Yes, it does and I understand that it may become complicated in some
cases. If you get the time to put together an LWN article about
fw_devlinks, I would certainly read it. :-)

However, at least for power-domains, the DT example you describe above
is an invalid description of a HW. It doesn't make sense to try to
support if for fw_devlink, at least in my opinion. Let me elaborate.

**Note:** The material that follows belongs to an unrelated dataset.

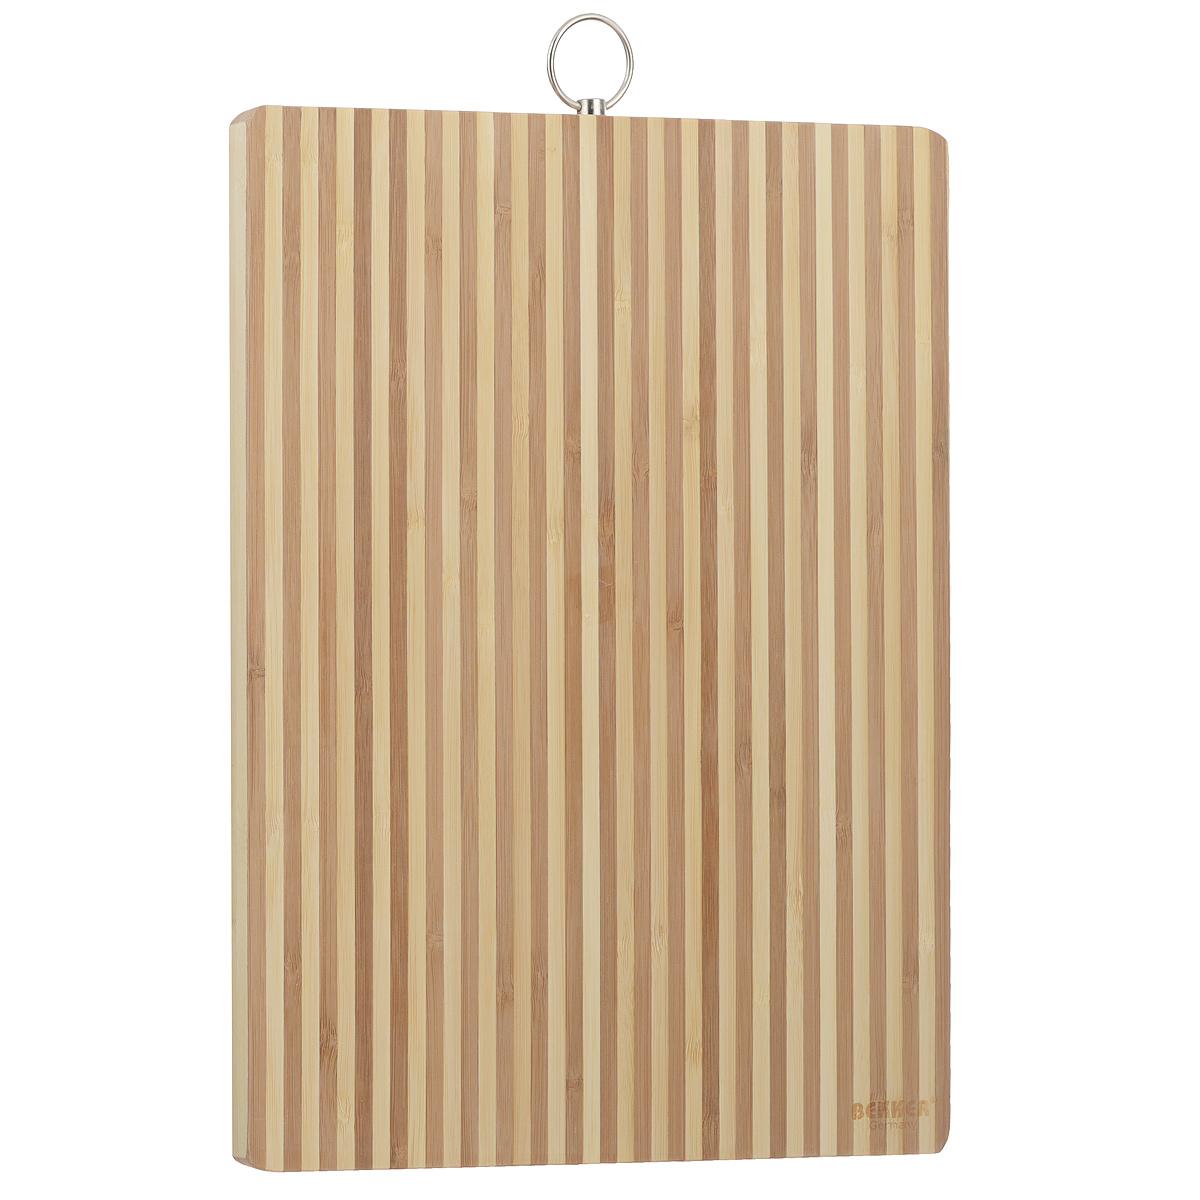 Доска разделочная Bekker, бамбуковая, 34 см х 24 см. BK-970568/5/3Прямоугольная разделочная доска Bekker изготовлена из высококачественной древесины бамбука, обладающей антибактериальными свойствами. Бамбук - инновационный материал, идеально подходящий для разделочных досок. Доски из бамбука обладают высокой плотностью структуры древесины, а также устойчивы к механическим воздействиям. Доска оснащена крючком для подвешивания. Функциональная и простая в использовании, разделочная доска Bekker прекрасно впишется в интерьер любой кухни и прослужит вам долгие годы.

So, I assume you have left out the #power-domain-cells property (for
simplicity) for Device-A and Device-C, as those seem to be the
power-domain providers.

*) If Device-B is a consumer of Device-C, it also means that Device-A
must be assigned as the child-power-domain to Device-C's power-domain.
**) If Device-D is the consumer of Device-A, it also means that
Device-C must be assigned as the child-power-domain to Device-A's
power-domain.

This simply can't be right from the HW point of view - and we don't
support this in the Linux kernel anyway. A power-domain can not be
both parent and child to another power-domain. In other words, cyclic
dependencies can't exist for power-domains, as it would be a wrong
description of the HW.

I wonder if the similar reasoning is applicable for other types of
resources, like clocks and regulators, for example.

>

> >

> > I come to the second and follow up problem from this behaviour, see below.

> >

> > >

> > > > Therefore, let's set the 'optional_con_dev' to true to avoid creating

> > > > incorrect fw_devlinks for power-domains.

> > >

> > > This part doesn't make sense or is incomplete. What is being done incorrectly?

> >

> > See below.

> >

> > >

> > > >

> > > > [1] Documentation/devicetree/bindings/power/power-domain.yaml

> > > > [2] Documentation/devicetree/bindings/arm/psci.yaml

> > > >

> > > > Signed-off-by: Ulf Hansson <ulf.hansson@linaro.org>

> > > > ---

> > > >

> > > > Some more details of what goes on here. I have added a debug print in

> > > > of_link_to_phandle() to see the fw_devlinks that gets created.

> > > >

> > > > This is what happens on Dragonboard 410c when 'optional_con_dev' isn't set:

> > > > ...

> > > > [    0.041274] device: 'psci': device_add

> > > > [    0.041366] OF: Linking power-domain-cpu0 (consumer) to psci (supplier)

> > > > [    0.041395] OF: Linking power-domain-cpu1 (consumer) to psci (supplier)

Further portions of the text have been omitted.